What does the victory of Syriza mean for the future of the EU?

Image: >Lorenzo Gaudenzi

Image: Lorenzo Gaudenzi

The news regarding the recent electoral victory of a Greek anti-austerity party Syriza have shocked European and international community. A range of scholars, journalists and passionate observers had made a range of gloomy predictions regarding the future of EU, the development of next economic crisis in the Eurozone and the possible withdrawal of Greece, along with Spain and Portugal from the EU.

Whilst these predictions might hold true in long-term, the recent negotiations between EU institutions and the Greek finance ministry give greater credibility to contrary claims. The Greek ministry, despite heated rhetoric, long complex negotiations and the whole atmosphere of change, has dropped all of its major demands and reluctantly agreed to extend the bail-out on Europe-dominated terms.

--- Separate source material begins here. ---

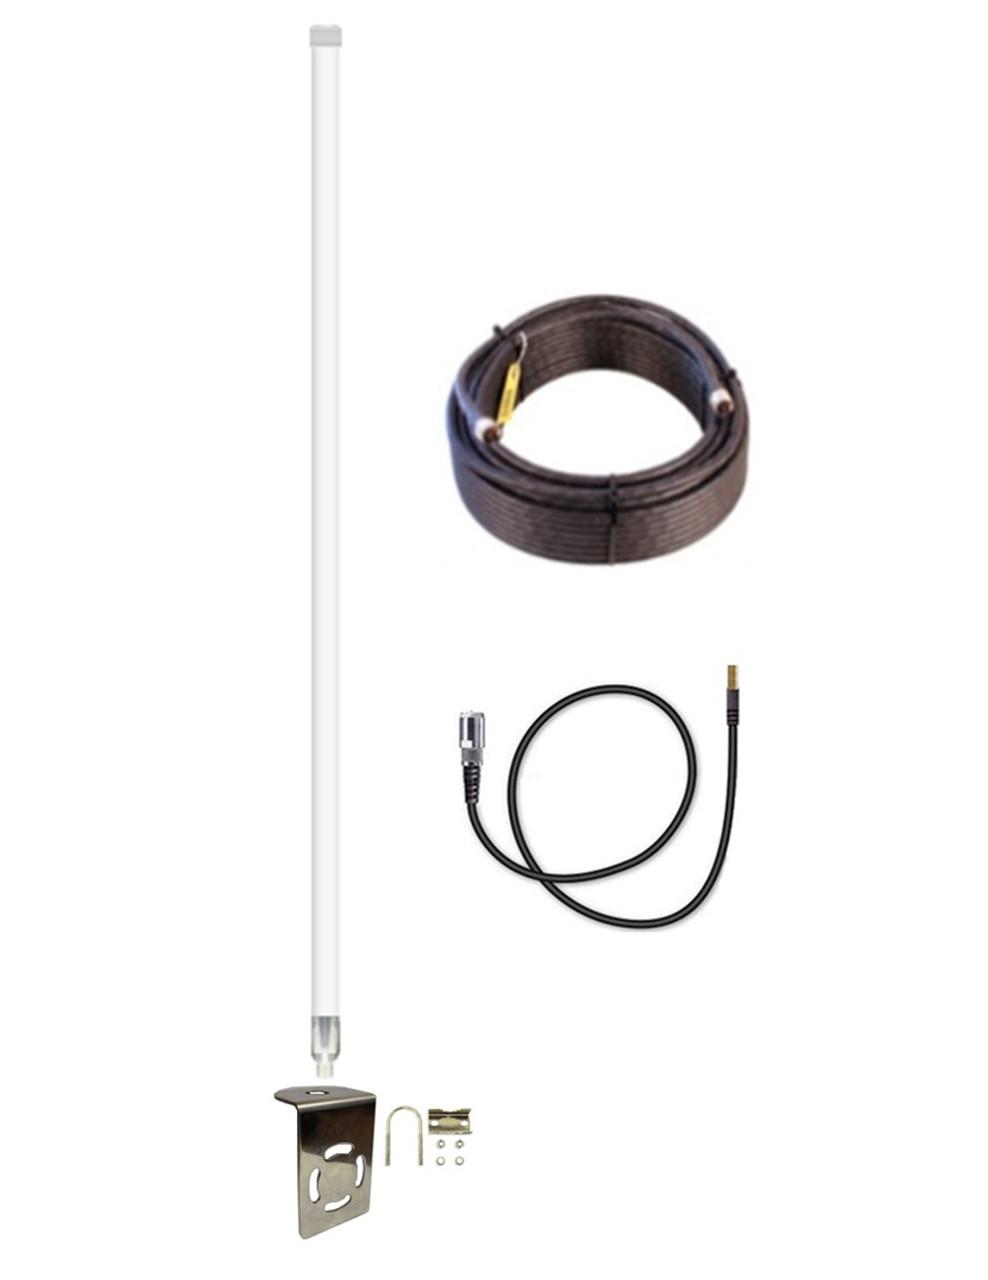 12dB Fiberglass 4G 5G LTE XLTE Antenna Kit AT&T ZTE Velocity 2 MF985 Mobile Hotspot w/ Cable Length Options

This result itself demonstrates few important things on the current condition of contemporary global governance. Politically, parties with a “radical agenda” both at right and left side of the political spectrum, such as UKIP, Syriza and the New Anti-capitalist party in France, are often quite successful in criticizing the existing system and utilizing widespread popular anger for their electoral gain, but far less successful in  the actual implementation of their promises. This happens because in each state these parties find a well-established political system, which is not only deeply entrenched in national tradition, but also protected by strong political and economic interests, which benefit from the system per se. As the result, changing the system becomes a complex task, requiring skilful leadership and the ability to balance different interests, which means that once in office the parties prefer to endorse the current system with slight modifications instead of radically transforming it.

This thought in itself is very sad conclusion for reform minded individuals, groups and organisations of any political orientation. In essence, this leaves us as a society within a system, which has wide a range of problems. It might possibly outlive its creators and potentially could lead to unexpected consequences, yet without any tangible and cohesive alternative and without a chance to implement the required changes. As a result, our intellectual efforts should be instead be directed either at thinking how to reform the system without endangering its essential components or at generally thinking of what we would like to see in our ideal society (often this starts with idea of what we would not like to see in our society). Thus, we as people, despite the fact that we might live in different states, have wide range of ethnic, cultural, religious and social differences have a very striking similarity: we live in a condition of a shifting identity, whereas our previous ways of thinking are slowly decaying, our new ideas have yet to materialise or develop. Certainly, this might add an additional pressure to our daily struggles, yet it also gives us a very important function as individuals living in societies: we have to think outside of the box and our zones of comfort and develop new ways of thinking and living, which might work not only for us, but for other future generations.

Geopolitically, this is particularly vivid with the example of the state of the EU after the Syriza victory. Whilst the EU had successfully developed over the last six decades and indeed successfully pressurised Greece into a reluctant agreement, the organization has been experiencing a geopolitical, cultural and social challenge since the end of the Cold War. It has clearly stalled in its development, while many of the pivotal questions including the necessity of creating a successful negotiation strategy for the EU-Russia relationship, the need to transform itself into a major alternative source of power in an emerging multipolar world and the necessity of popular democratization remain unanswered.

This creates a challenge and the opportunity for the EU: unless it can successfully respond to the pressing questions, transform itself in response to the challenges of the 21st century world order and democratise its bureaucratic structures in response to popular demands, the existing system is even more likely to be pressurised and challenged by some anti-system movements like Syriza.